Search Tools (by priority)

搜索工具(按优先级排序)

1. paper_finder (primary — conference papers only)

1. paper_finder(主要工具——仅支持会议论文)

Location:
/Users/lingzhi/Code/documents/tool/paper_finder/paper_finder.py
Searches ai-paper-finder.info (HuggingFace Space) for published conference papers. Supports filtering by conference + year. Outputs JSONL with BibTeX.
bash
python /Users/lingzhi/Code/documents/tool/paper_finder/paper_finder.py --mode scrape --config <config.yaml>
python /Users/lingzhi/Code/documents/tool/paper_finder/paper_finder.py --mode download --jsonl <results.jsonl>
python /Users/lingzhi/Code/documents/tool/paper_finder/paper_finder.py --list-venues
Config example:
yaml
searches:
  - query: "long horizon reasoning agent"
    num_results: 100
    venues:
      neurips: [2024, 2025]
      iclr: [2024, 2025, 2026]
      icml: [2024, 2025]
output:
  root: /Users/lingzhi/Code/deep-research-output/{slug}/phase1_frontier/search_results
  overwrite: true
路径
/Users/lingzhi/Code/documents/tool/paper_finder/paper_finder.py
在 ai-paper-finder.info(HuggingFace Space)中搜索已发表的会议论文,支持按会议+年份筛选,输出带BibTeX的JSONL格式内容。
bash
python /Users/lingzhi/Code/documents/tool/paper_finder/paper_finder.py --mode scrape --config <config.yaml>
python /Users/lingzhi/Code/documents/tool/paper_finder/paper_finder.py --mode download --jsonl <results.jsonl>
python /Users/lingzhi/Code/documents/tool/paper_finder/paper_finder.py --list-venues
配置示例:
yaml
searches:
  - query: "long horizon reasoning agent"
    num_results: 100
    venues:
      neurips: [2024, 2025]
      iclr: [2024, 2025, 2026]
      icml: [2024, 2025]
output:
  root: /Users/lingzhi/Code/deep-research-output/{slug}/phase1_frontier/search_results
  overwrite: true

2. search_semantic_scholar.py (supplementary — citation data + broader coverage)

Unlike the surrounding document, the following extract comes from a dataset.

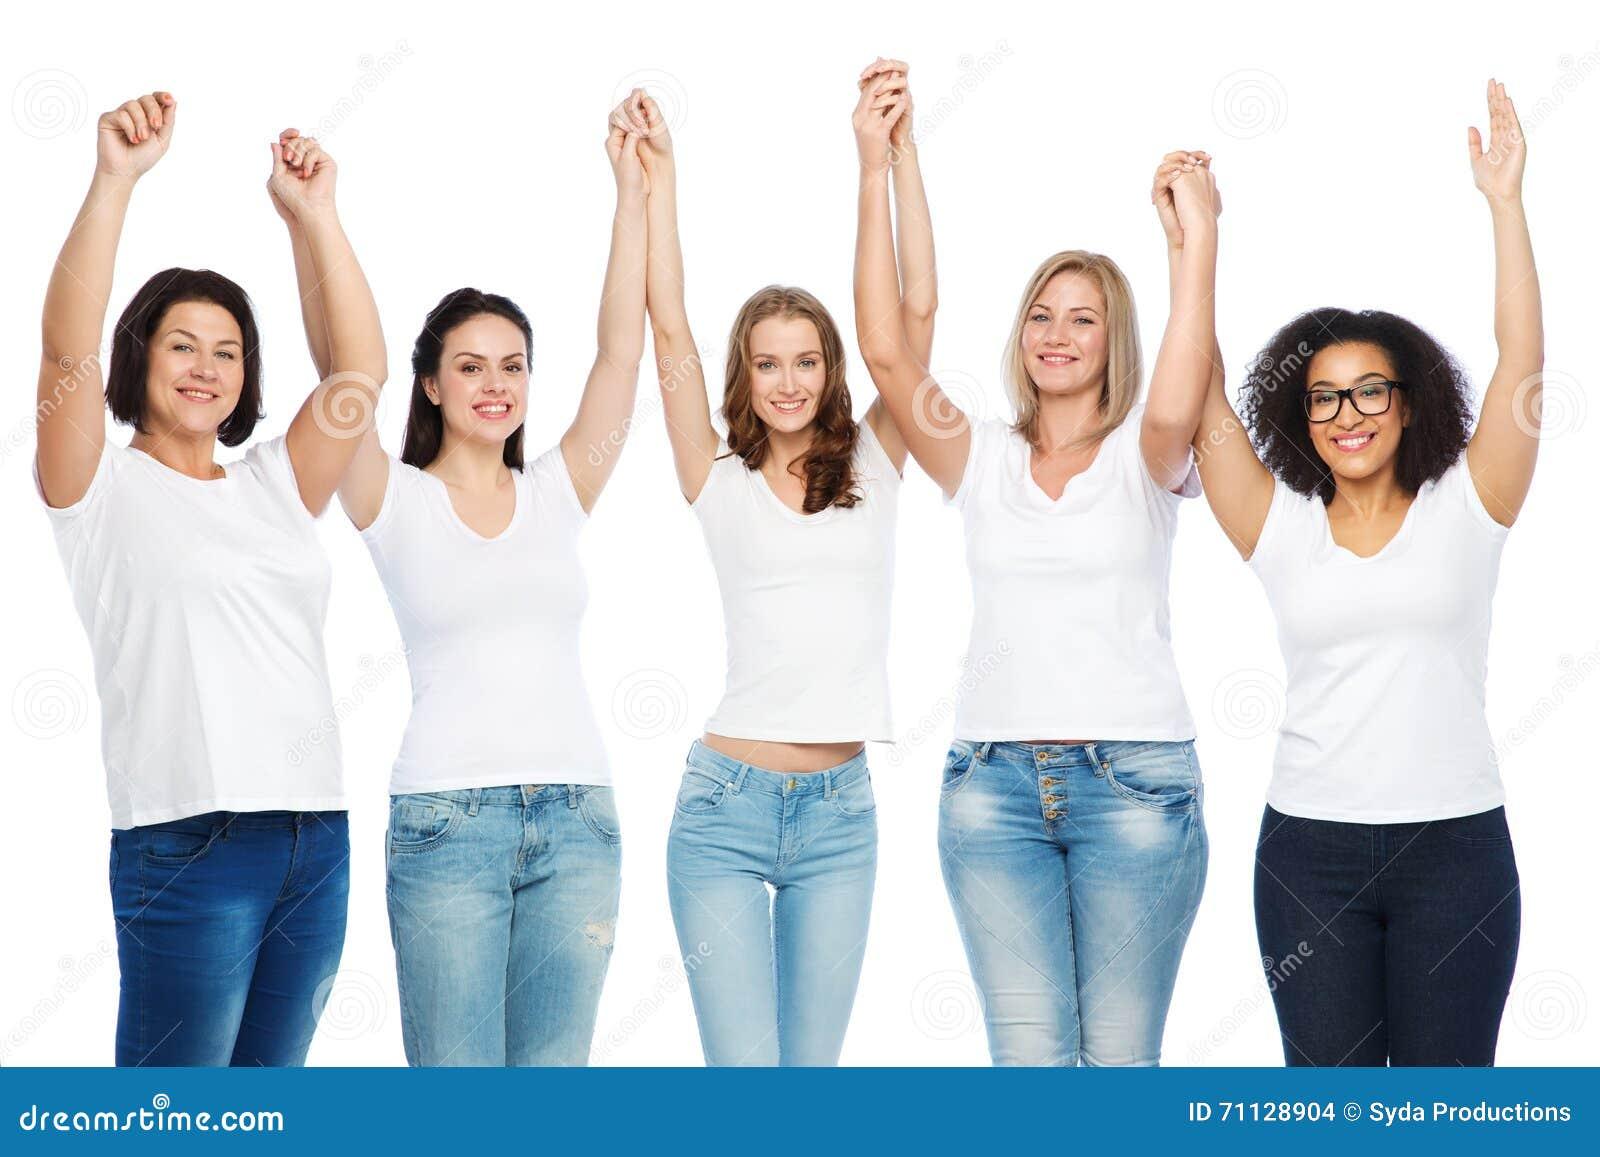 b203cafcd68 Amistad, positivo diverso, del cuerpo y concepto de la gente - grupo de  diversas tallas de mujeres felices en las camisetas blancas que levantan  las manos

2. search_semantic_scholar.py(补充工具——提供引用数据+更广覆盖范围)

Location:
/Users/lingzhi/.claude/skills/deep-research/scripts/search_semantic_scholar.py
Supports
--peer-reviewed-only
and
--top-conferences
filters. API key:
/Users/lingzhi/Code/keys.md
(field
S2_API_Key
)
路径
/Users/lingzhi/.claude/skills/deep-research/scripts/search_semantic_scholar.py
支持
--peer-reviewed-only
--top-conferences
筛选参数。API密钥:
/Users/lingzhi/Code/keys.md
(字段
S2_API_Key

3. search_arxiv.py (supplementary — latest preprints)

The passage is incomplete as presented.